I mostly just think of silly shit and write about it. Like the word blog. THAT is some silly shit. For a wonderful attack on the word blog, I refer you to Maddox (First blog link! "blink"? Yeah, let's go with "blink". I'm such a revolutionary!). With such a goofy word so new to our collective vocabulary, I think it would be fun add a whole slew of words and phrases into our lexicon. For instance:

Blog Cabin: Perhaps this is cyberspace's second-wave response to Internet cafes? Instead of a place you can go to get some coffee and surf the web, at Blog Cabins you can write about random shit on the 'net, and they give you pancakes or something cabiny like that. Maybe some flannel.

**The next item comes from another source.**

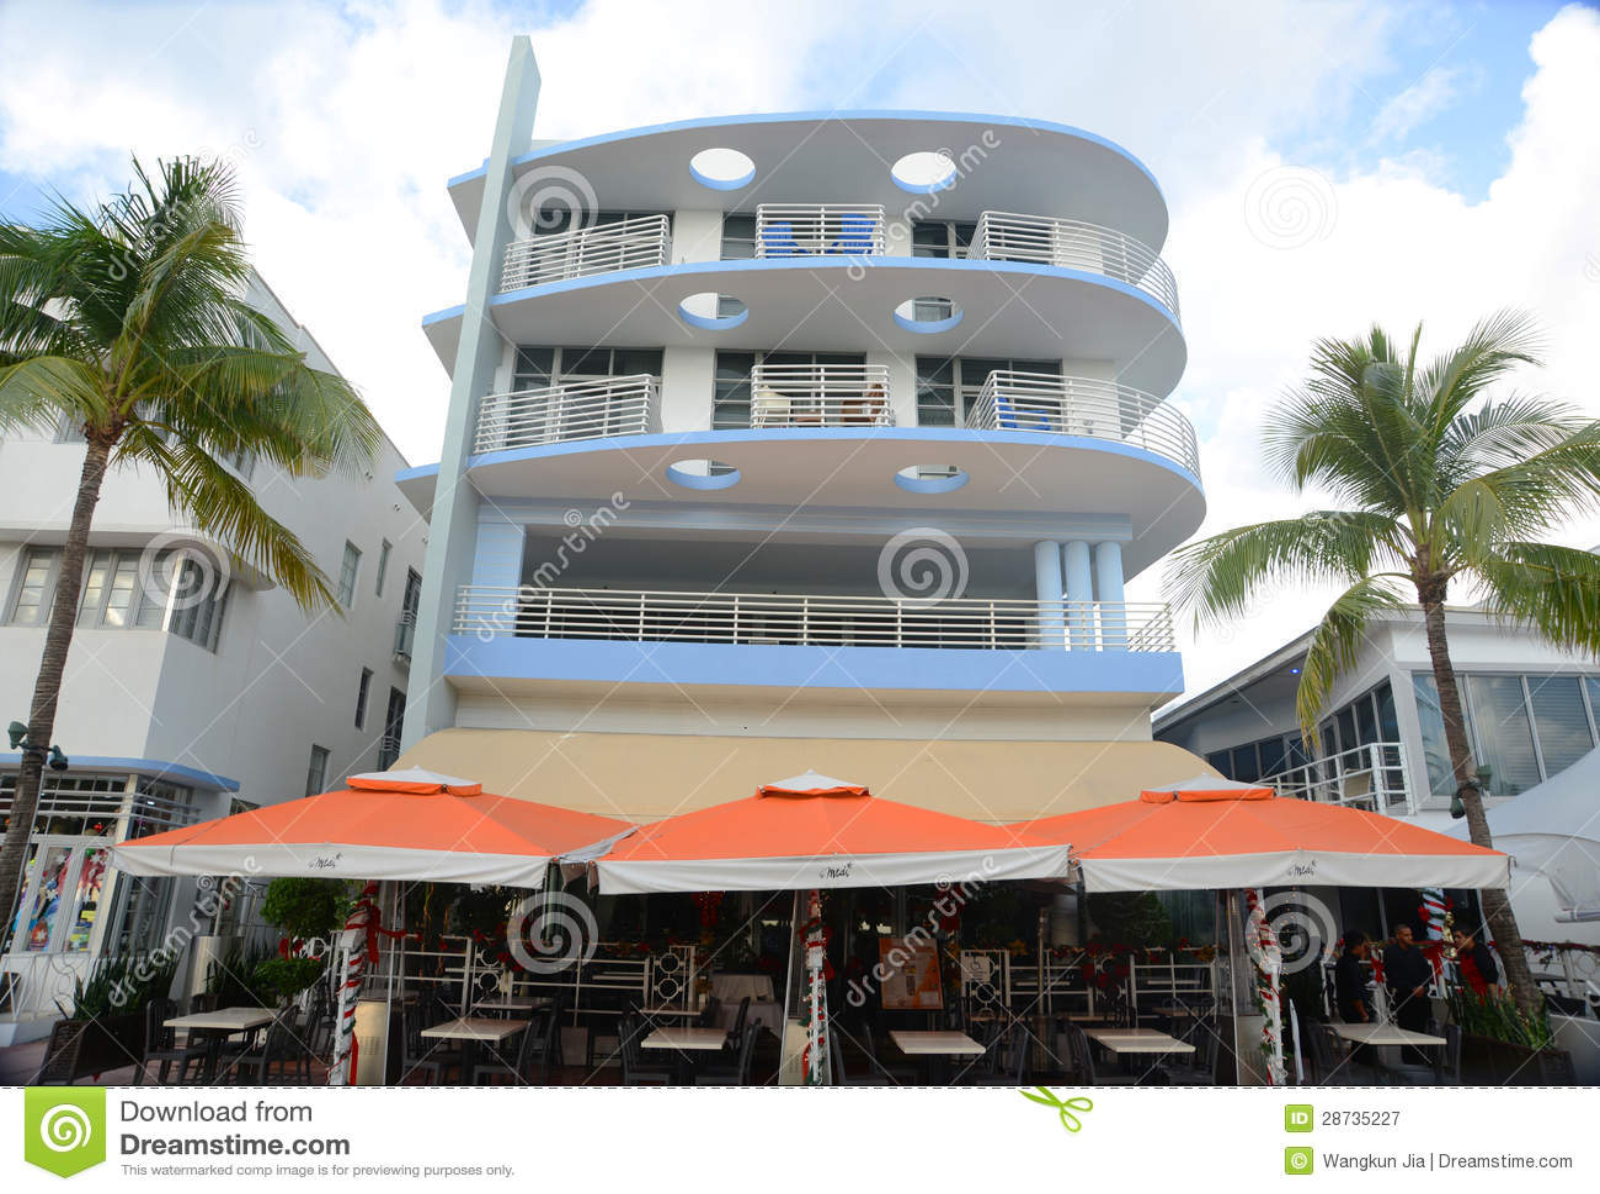 Best hotel deals in miami south beach

Bilbo Bloggins: Way back when, there was a little hairy dude who adopted the kid from Flipper and saved middle earth, AND he wrote about it online every day. He was a bloggin' Hobbit, or "Bloggit", if I may.

Blogger: Now I know what you're thinking: "Blogger is a word. It's a website! Look six inches higher!" but nonono, not that kind of blogger. This kind of Blogger is a video game, where our hero runs across the street avoiding cars so he can successfully get to the Blog Cabin where he writes about how he almost got hit by a bunch of cars. Surely this would be a very interesting blog.

Got some more? Blogswell Cogs, perhaps? Blogavad Gita, maybe? Leave 'em in the comments.

And so concludes my first blog. Rockin'.